If k is the number of entries of x that satisfy $|x_i − avg(x)| \ge a$, then $k/n \le {(std(x)/a)}^2$.

x is a 100-vector with rms(x) = 1. Let $q_{90}$ be the 90th percentile of the absolute values of the entries of the vector x. How big and how small can $q_{90}$ be?

First, I obtain possible range of values of avg(x) from the equality $${rms(x)}^2 = {avg(x)}^2 + {std(x)}^2$$ I get ${avg(x)}^2 = {rms(x)}^2 - {std(x)}^2 \le {rms(x)}^2 = 1$ $\Rightarrow |avg(x)| \le 1$. Similarly, ${std(x)}^2 = {rms(x)}^2 - {avg(x)}^2 \le {rms(x)}^2 = 1$.
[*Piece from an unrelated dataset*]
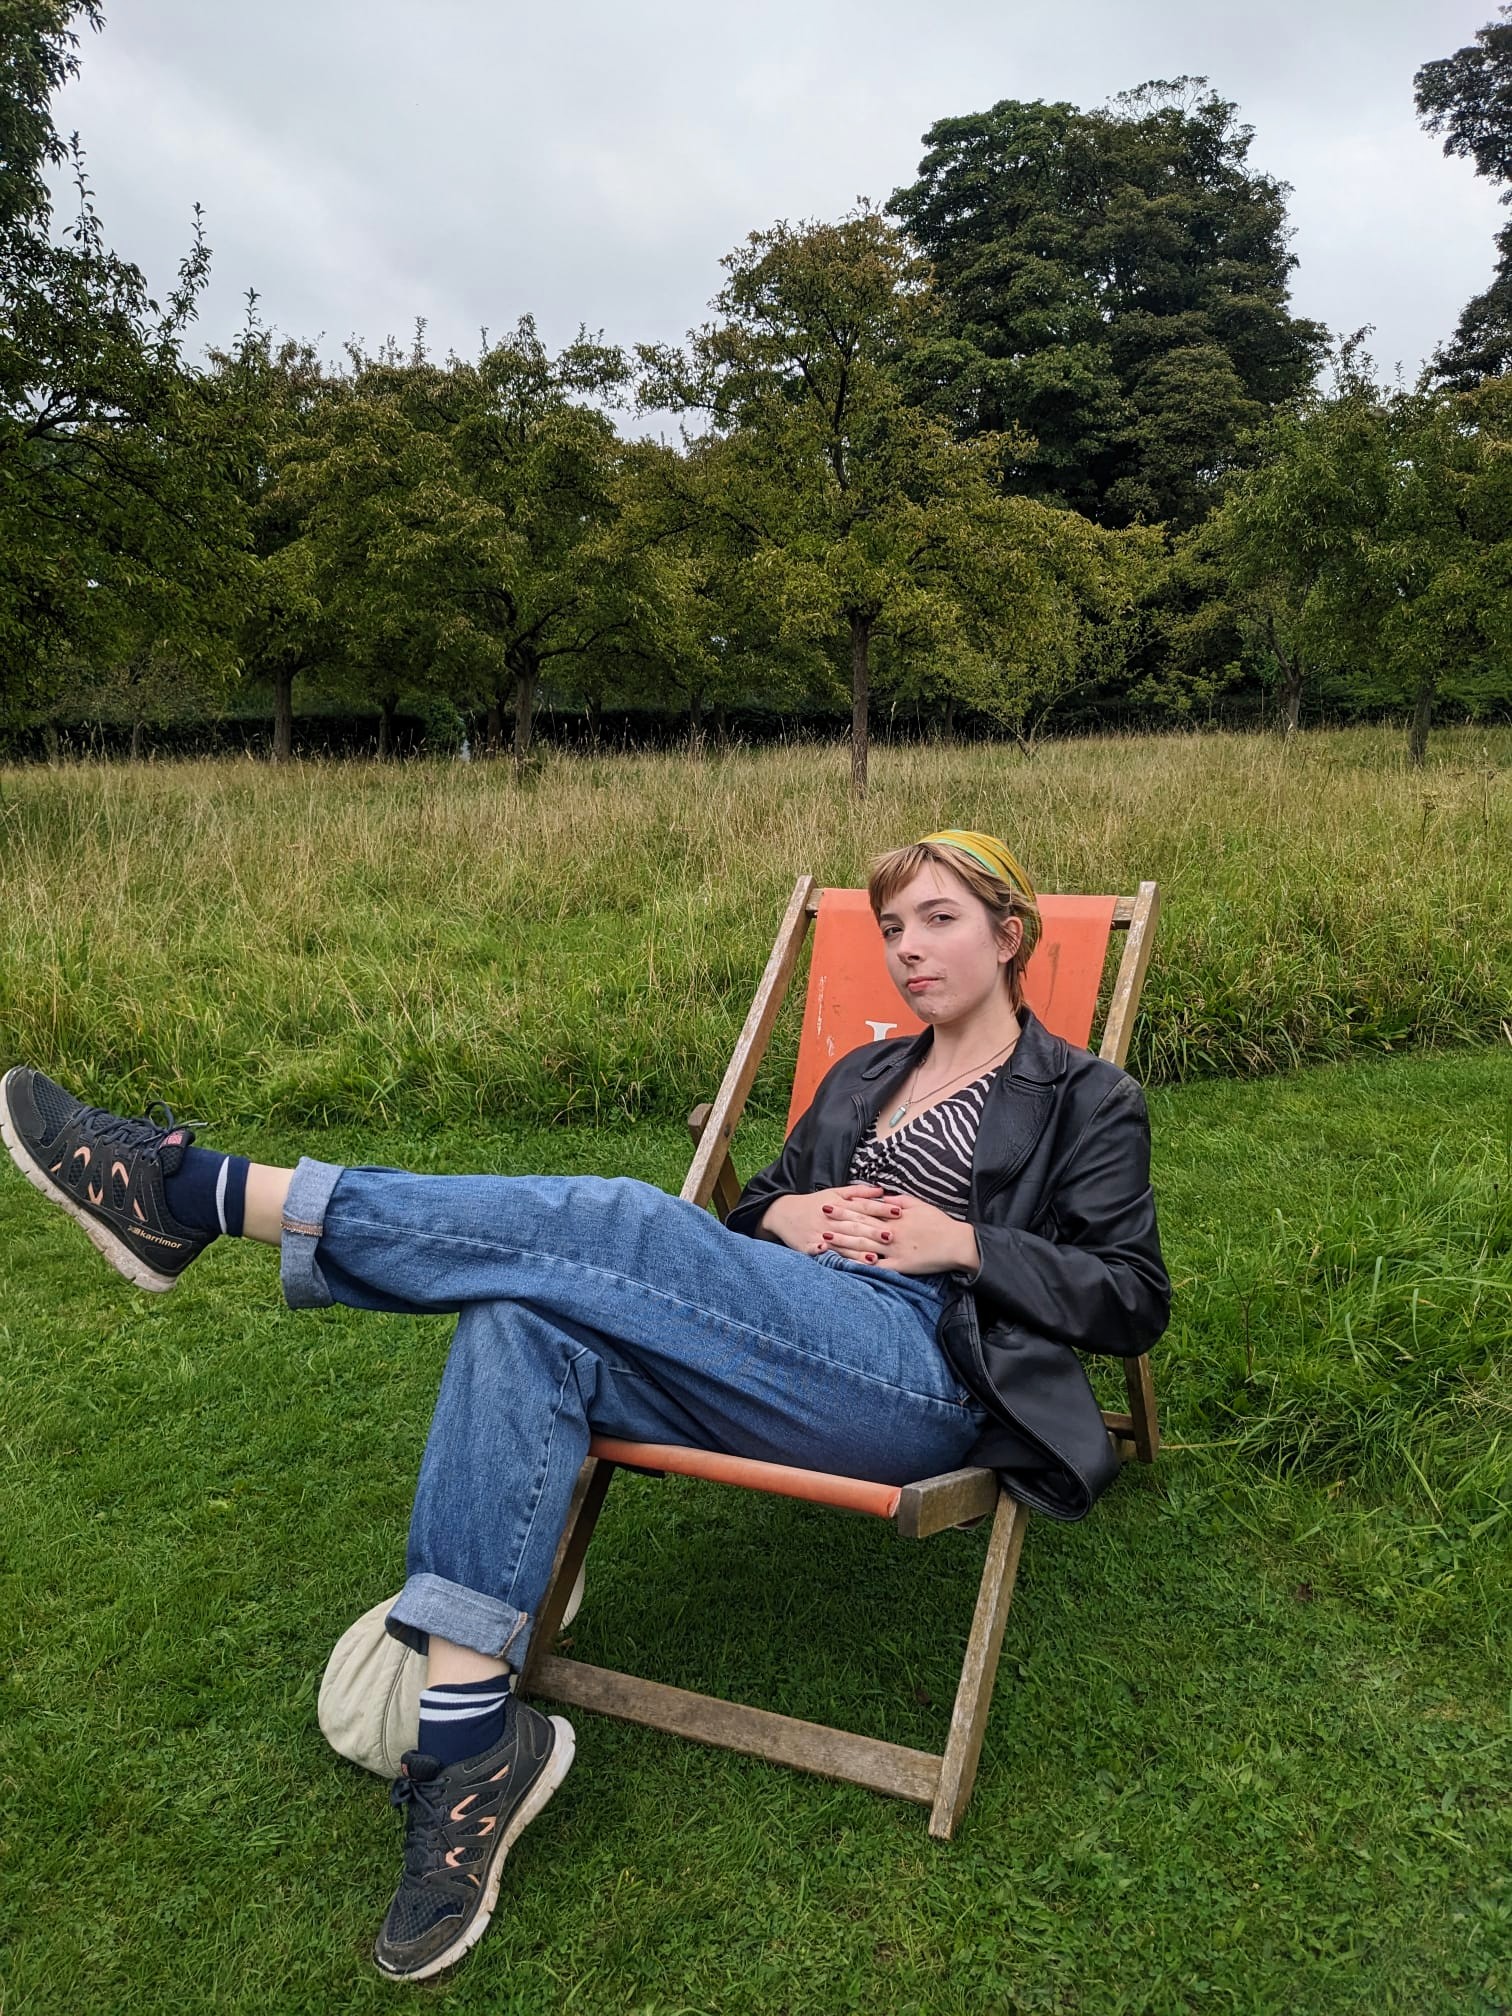 A picture of a girl sat in a chair in a field

Since $q_{90}$ is the the 90th percentile, there are k=10 values that with $|x_i − avg(x)|\ge a$. Therefore, $1/10 \le {(std(x)/a)}^2 \le 1/a$ $\Rightarrow a \le {\sqrt 10}$.

I feel that possible $q_{90}$ should fall in the range between $min\{avg(x)\}-max\{a\} = -1-{\sqrt 10}$ and $max\{avg(x)\}+max\{a\} = 1+ {\sqrt 10}$, but I am not sure how to justify it.

Is this even correct? Can anyone point me in the right direction? I would appreciate any help!